Required work =>
Go through the listing that follows and write it out exactly. Drop the pictures.

Source data =>
__________

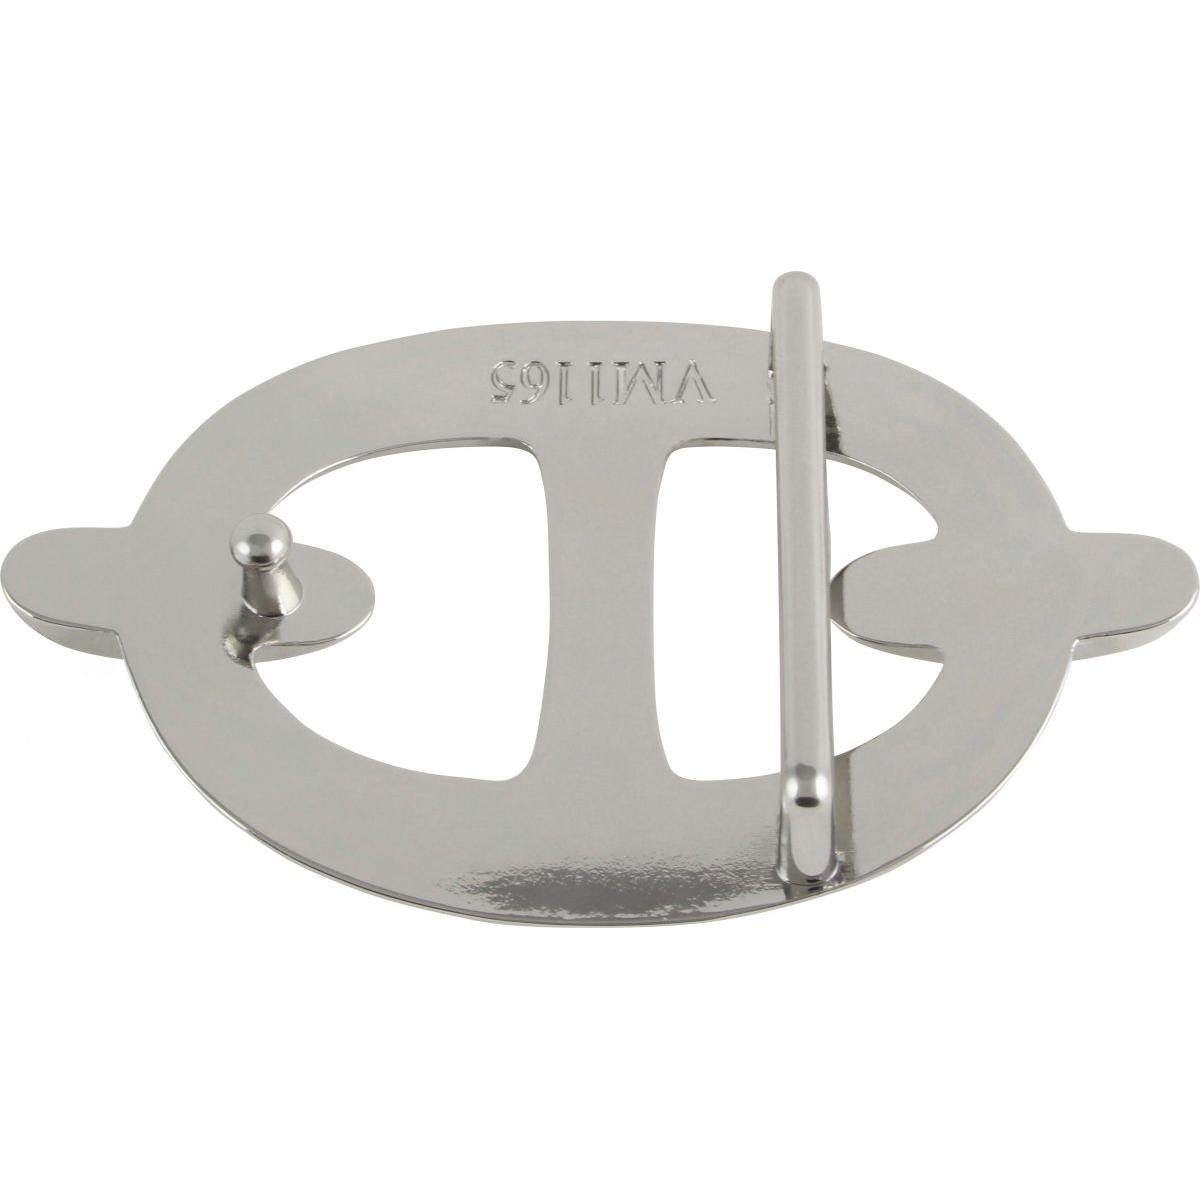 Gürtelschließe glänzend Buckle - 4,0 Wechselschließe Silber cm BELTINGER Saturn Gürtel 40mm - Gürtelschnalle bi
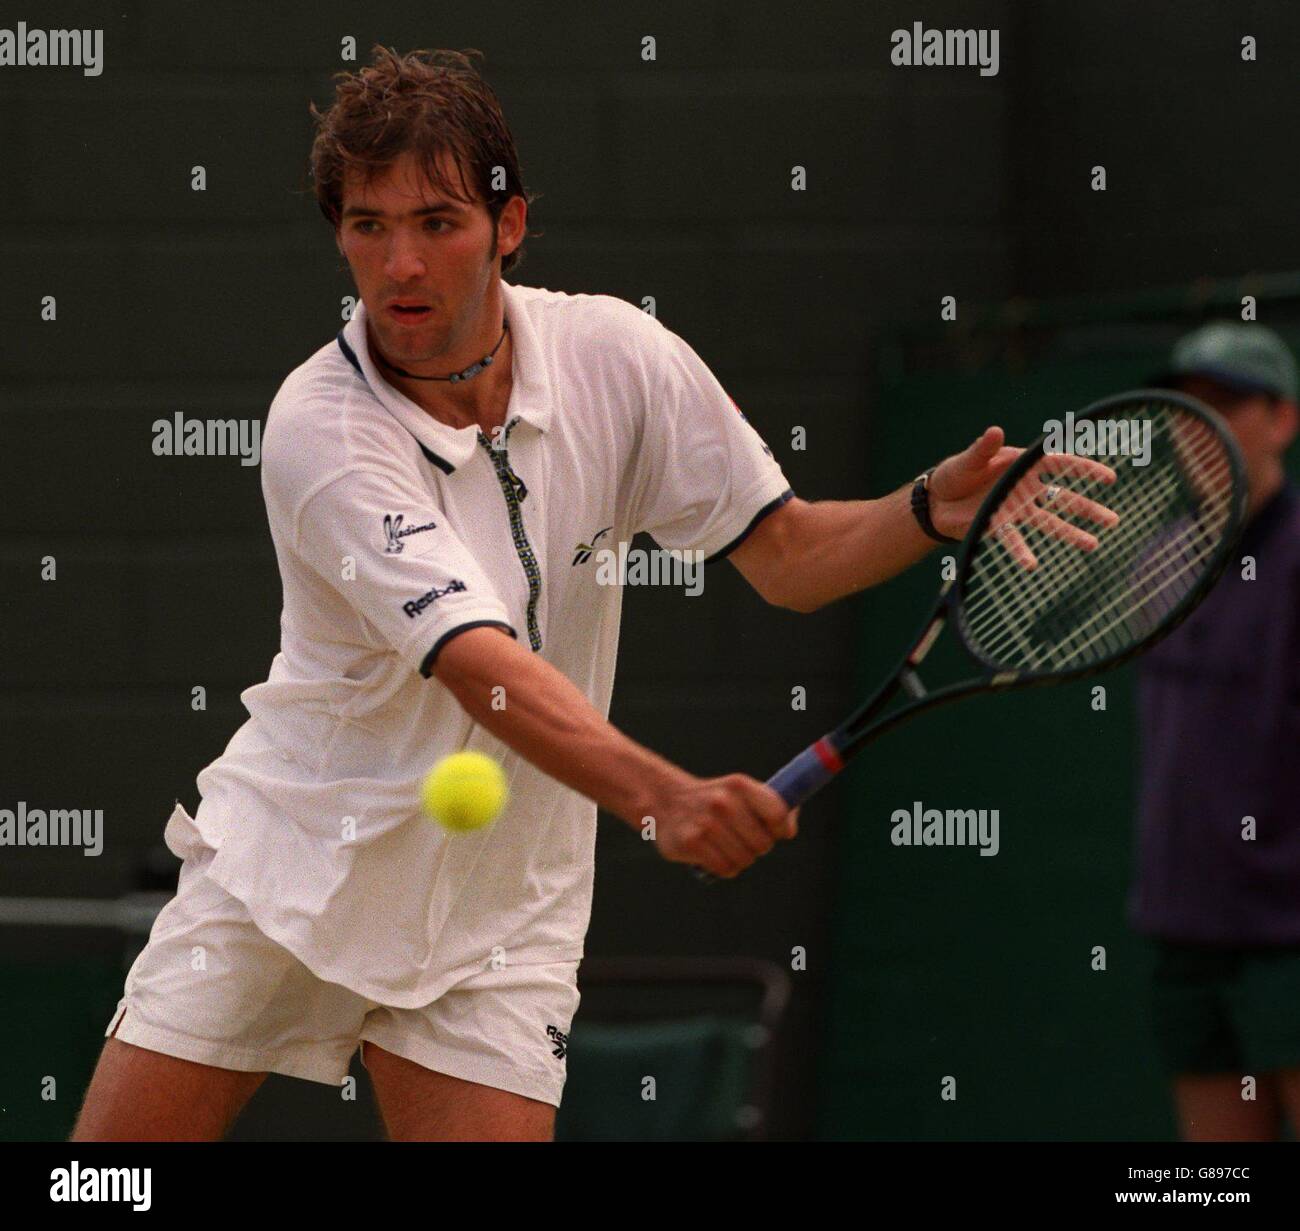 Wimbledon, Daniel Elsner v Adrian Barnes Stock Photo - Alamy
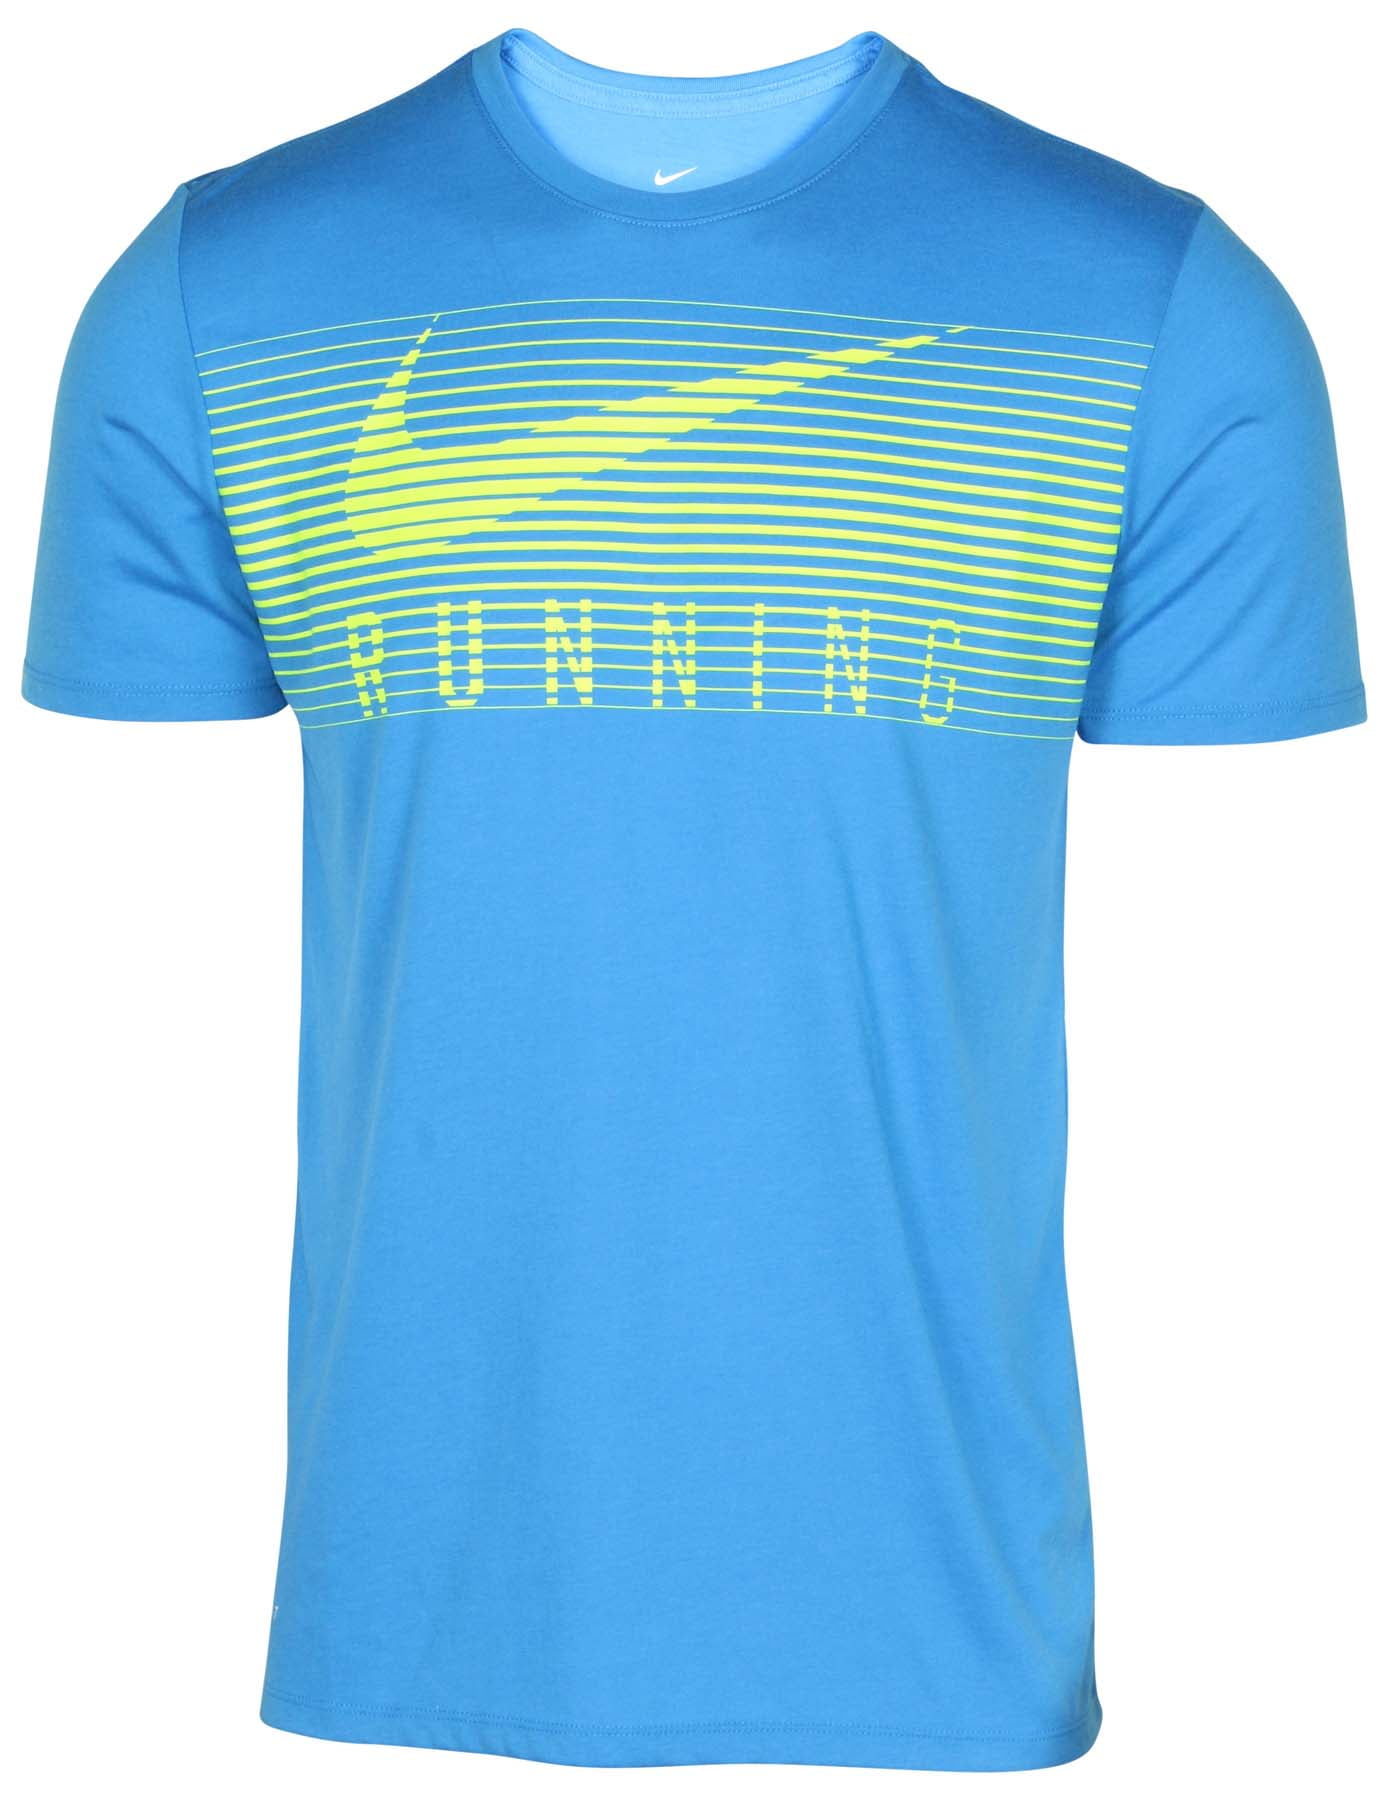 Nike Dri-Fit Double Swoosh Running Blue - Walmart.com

__________

Response to the exercise =>
 Gürtelschließe glänzend Buckle - 4,0 Wechselschließe Silber cm BELTINGER Saturn Gürtel 40mm - Gürtelschnalle bi
 Wimbledon, Daniel Elsner v Adrian Barnes Stock Photo - Alamy
 Nike Dri-Fit Double Swoosh Running Blue - Walmart.com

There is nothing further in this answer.